Thank you. I already messed that up so Freddy showed me another way. I just went to my email, clicked on compose, clicked on attachment and choose my documents and then the file I wanted to send, which was chapter 1, added a message and press send. Is SAID it was sent, so I PM'd Marzi to check her email to see if I was successful. Can you come and live with me after Freddy gets sick of my limited abilities?? lol


----------



## Nanci (Mar 1, 2012)

MARZI . . . . check your email . . . maybe I got lucky and did it right.
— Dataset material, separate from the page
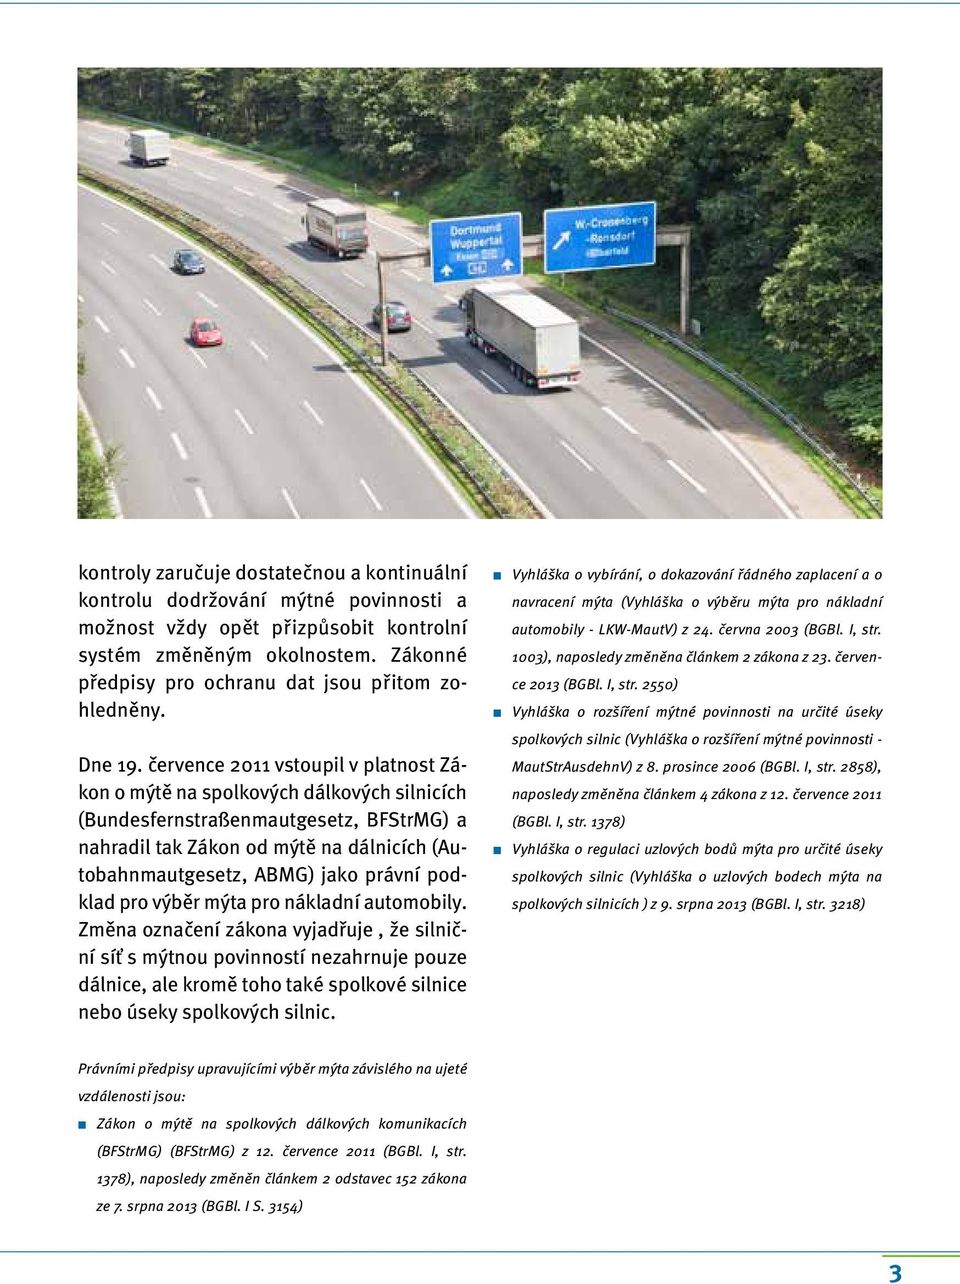 července 2011 vstoupil v platnost Zákon o mýtě na spolkových dálkových silnicích (Bundesfernstraßenmautgesetz, BFStrMG) a nahradil tak Zákon od mýtě na dálnicích (Autobahnmautgesetz, ABMG) jako

About a 50/50 chance.


----------



## Datun Walnut (Oct 15, 2013)

Come on Marzi - I can't take this.
Keep us updated Naci - I def want a copy.


----------



## 2ndhandgal (Aug 29, 2011)

Yay well done - sounds like you are doing brilliantly 

Unfortunately my boss informs me I am not allowed to resign from my current job


----------



## Nanci (Mar 1, 2012)

2ndhandgal said:


> Yay well done - sounds like you are doing brilliantly
> 
> Unfortunately my boss informs me I am not allowed to resign from my current job


Brilliant boss!! I did email to Marzi, but probably duplicated chapters twice, I told her this is why Freddy gets so frustrated with me. I am a VISUAL person. You cannot just TELL me what to do, you have to SHOW me. Usually twice . . . or more.


----------



## Marzi (Sep 17, 2012)

I'm here - YES you are in my inbox, I have opened first Sami and will read now.
Be quiet - don't disturb me - I need to concentrate!


----------



## DB1 (Jan 20, 2012)

Brilliant Nanci, I must admit i wondered about doing a book aimed at kids aged about 8-12 as i quiet enjoyed some of the books that Oliver read at that age, (also I thought my lack of skills may not be so obvious then!) but I google info about where to start and it just baffled me too much so I gave , I would rather just write by hand (or even on comp then print) and then just post to publishers like happened in the old days!! I think there are sites where you can 'publish' your book and then people pay to download it, not much i don't think but I guess it could add up and then if you still wanted to help a rescue you could donate some money from the book to them....but i'm sure there are a lot of people with some tech know how who could help.


----------



## Marzi (Sep 17, 2012)

This is going to be good people 

Sneak preview :spy::devil::

*I had an idea in the back of my mind . . . . maybe get him a little playmate . . . maybe another puppy. The ghoul on my shoulder immediately screamed in my ear “HAVE YOU LOST YOUR FLIPPIN’ MIND?” I gave him a head slap and told him to shut up. *

:tapedshut:


----------



## Nanci (Mar 1, 2012)

Girl you are bad, bad, bad . . . . lol


----------